*Supplied information*
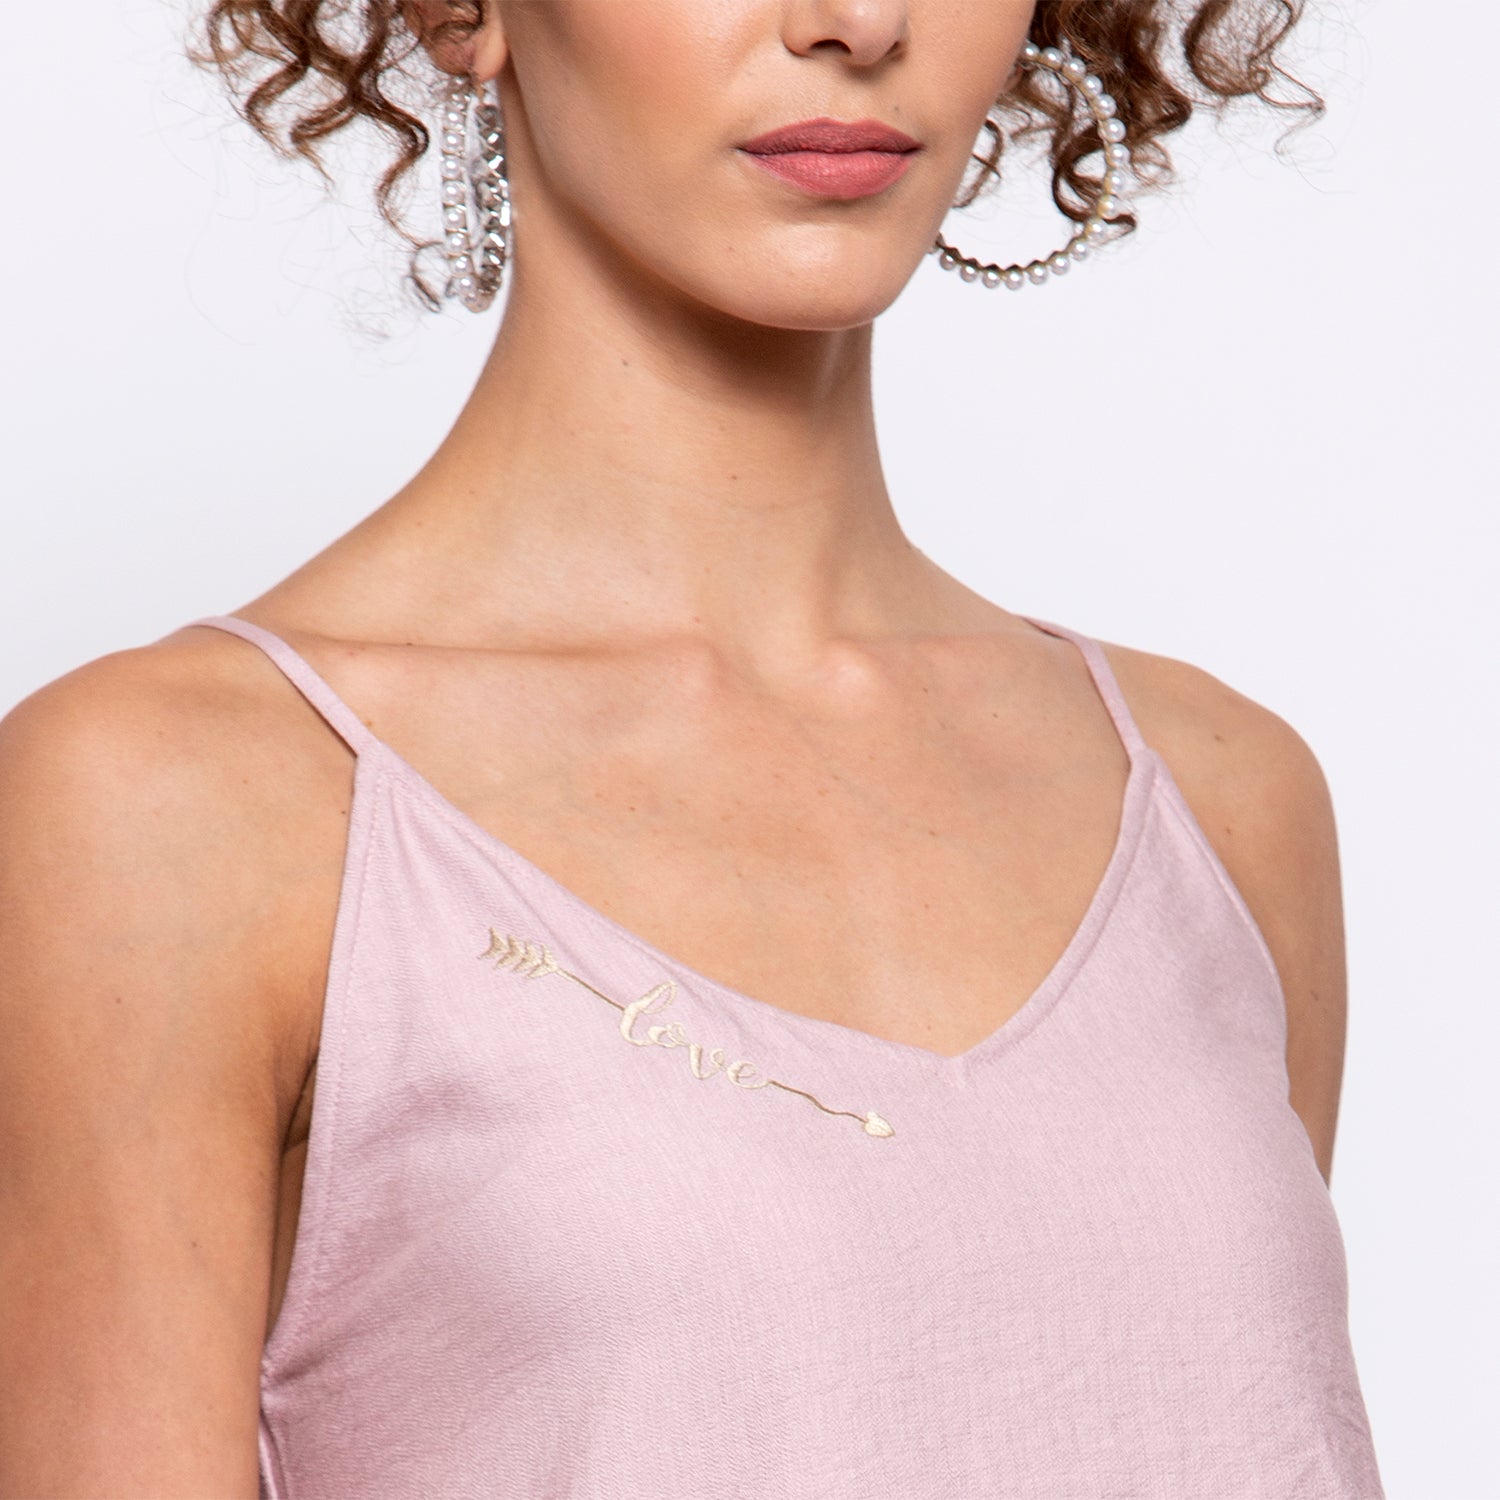 Pink Linen Top With Golden Sequins Frill & Embroidery At Neck
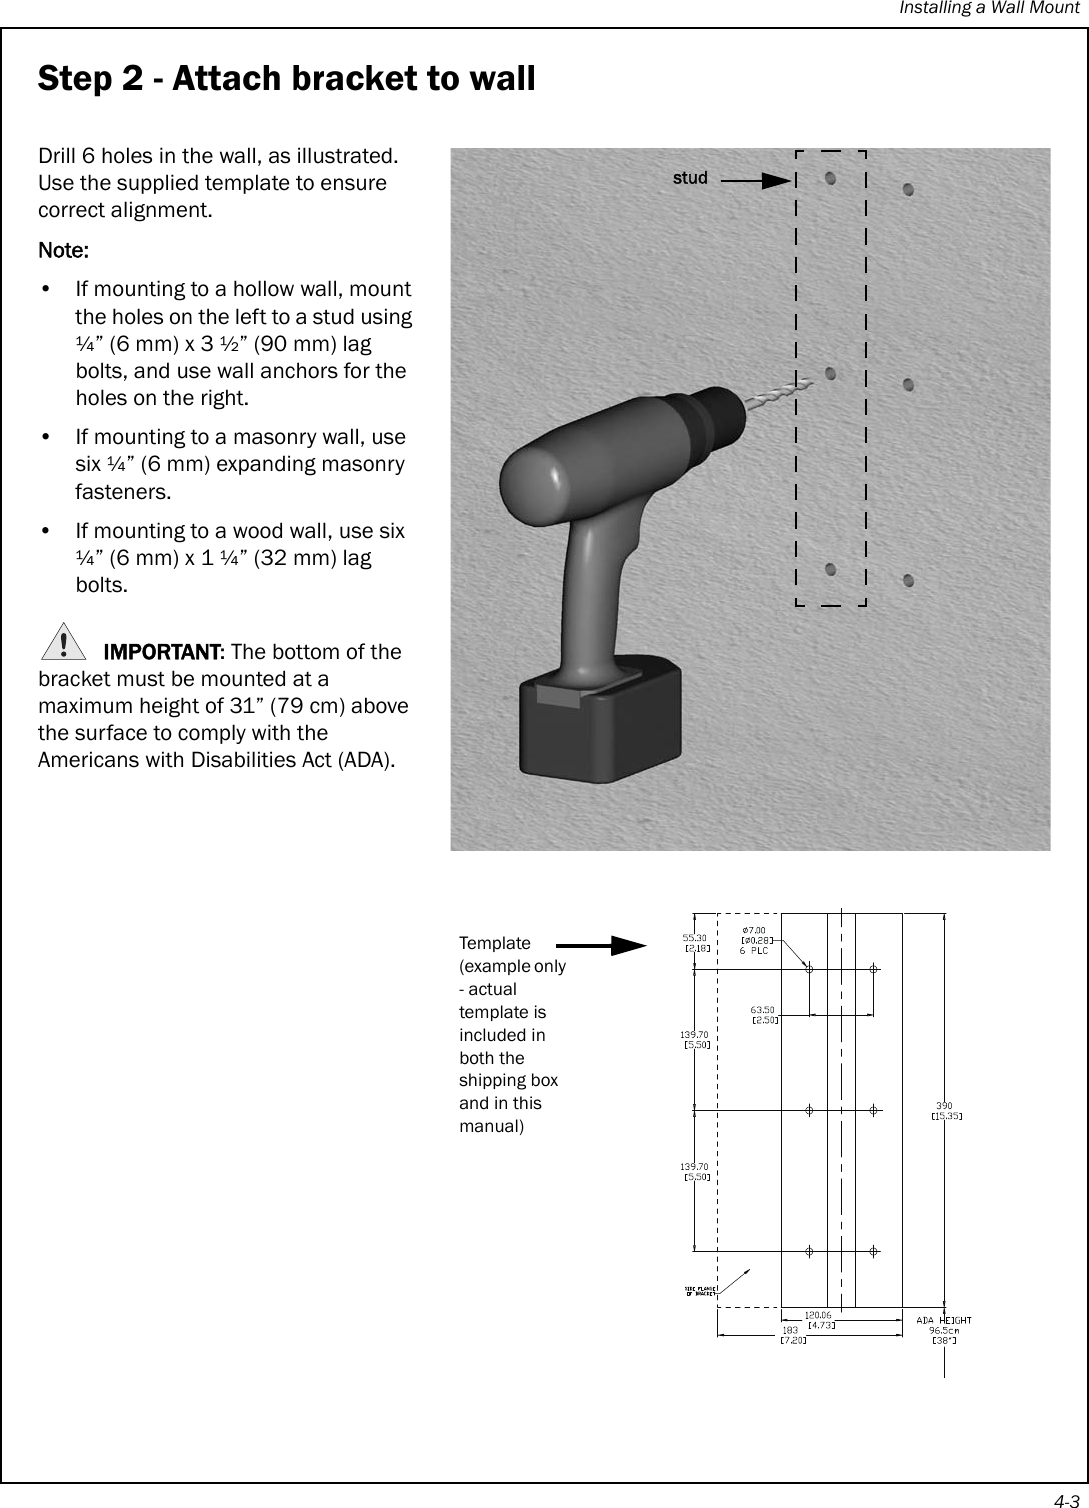 Installing a Wall Mount4-3Step 2 - Attach bracket to wallDrill 6 holes in the wall, as illustrated. Use the supplied template to ensure correct alignment.Note:• If mounting to a hollow wall, mount the holes on the left to a stud using ¼” (6 mm) x 3 ½” (90 mm) lag bolts, and use wall anchors for the holes on the right.• If mounting to a masonry wall, use six ¼” (6 mm) expanding masonry fasteners.• If mounting to a wood wall, use six ¼” (6 mm) x 1 ¼” (32 mm) lag bolts. IMPORTANT: The bottom of the bracket must be mounted at a maximum height of 31” (79 cm) above the surface to comply with the Americans with Disabilities Act (ADA).Template(example only - actual template is included in both the shipping box and in this manual)stud
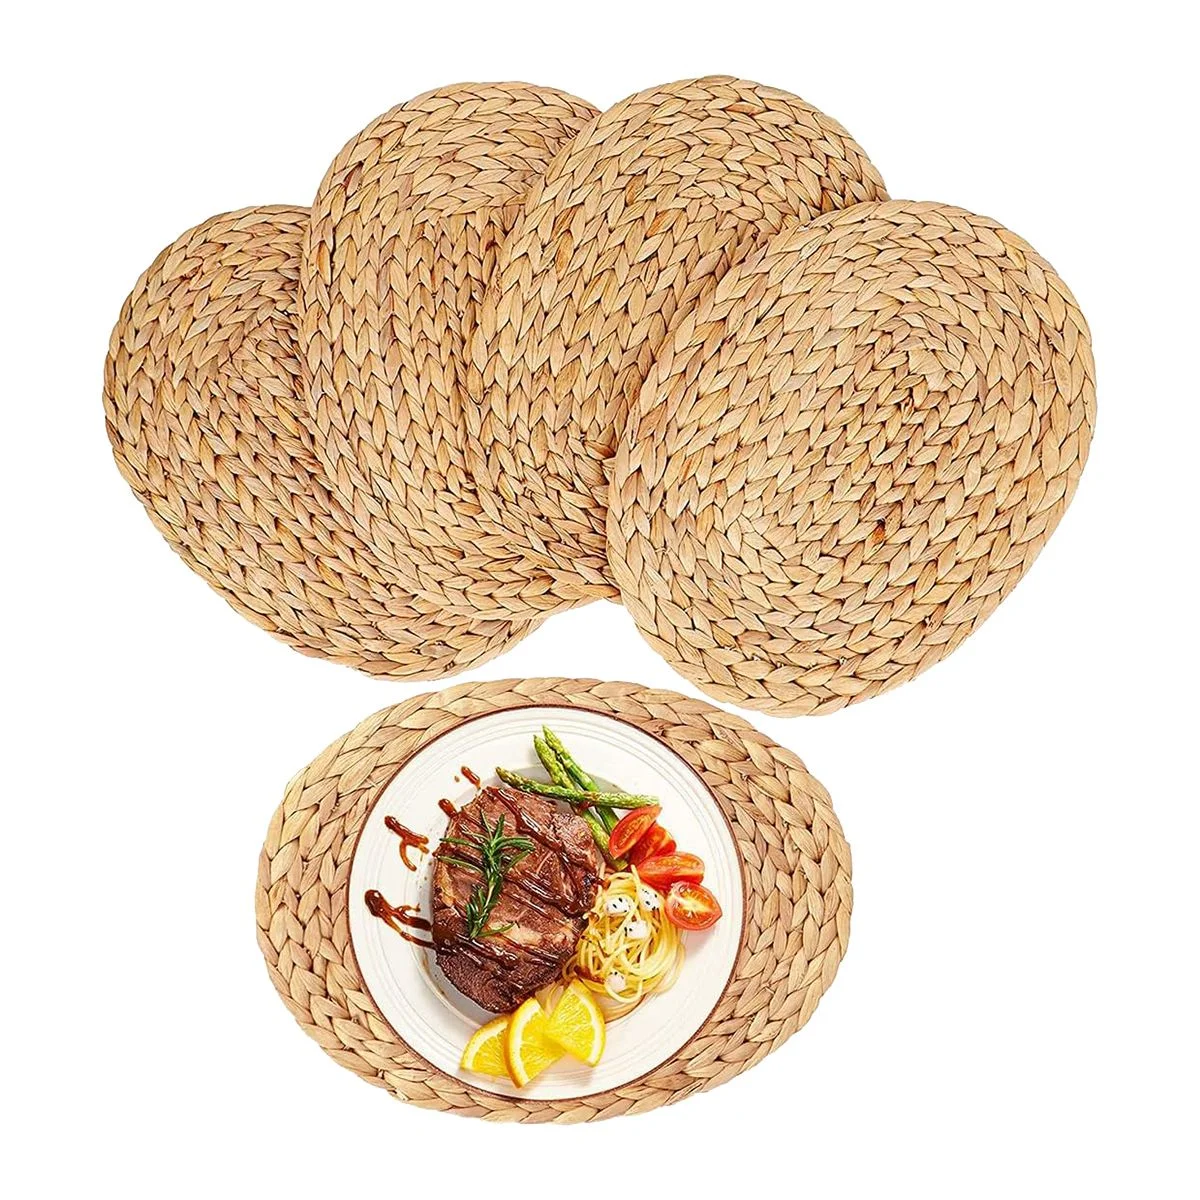 

Oval Woven Placemats, Natural Water Hyacinth Placemats , Straw Braided Rattan Placemats, 12X16 Inches 4Pack

*Exercise directions*
For every line above, produce an exact transcription that omits the images.

*Task output*
 Pink Linen Top With Golden Sequins Frill & Embroidery At Neck
 Installing a Wall Mount4-3Step 2 - Attach bracket to wallDrill 6 holes in the wall, as illustrated. Use the supplied template to ensure correct alignment.Note:• If mounting to a hollow wall, mount the holes on the left to a stud using ¼” (6 mm) x 3 ½” (90 mm) lag bolts, and use wall anchors for the holes on the right.• If mounting to a masonry wall, use six ¼” (6 mm) expanding masonry fasteners.• If mounting to a wood wall, use six ¼” (6 mm) x 1 ¼” (32 mm) lag bolts. IMPORTANT: The bottom of the bracket must be mounted at a maximum height of 31” (79 cm) above the surface to comply with the Americans with Disabilities Act (ADA).Template(example only - actual template is included in both the shipping box and in this manual)stud

Oval Woven Placemats, Natural Water Hyacinth Placemats , Straw Braided Rattan Placemats, 12X16 Inches 4Pack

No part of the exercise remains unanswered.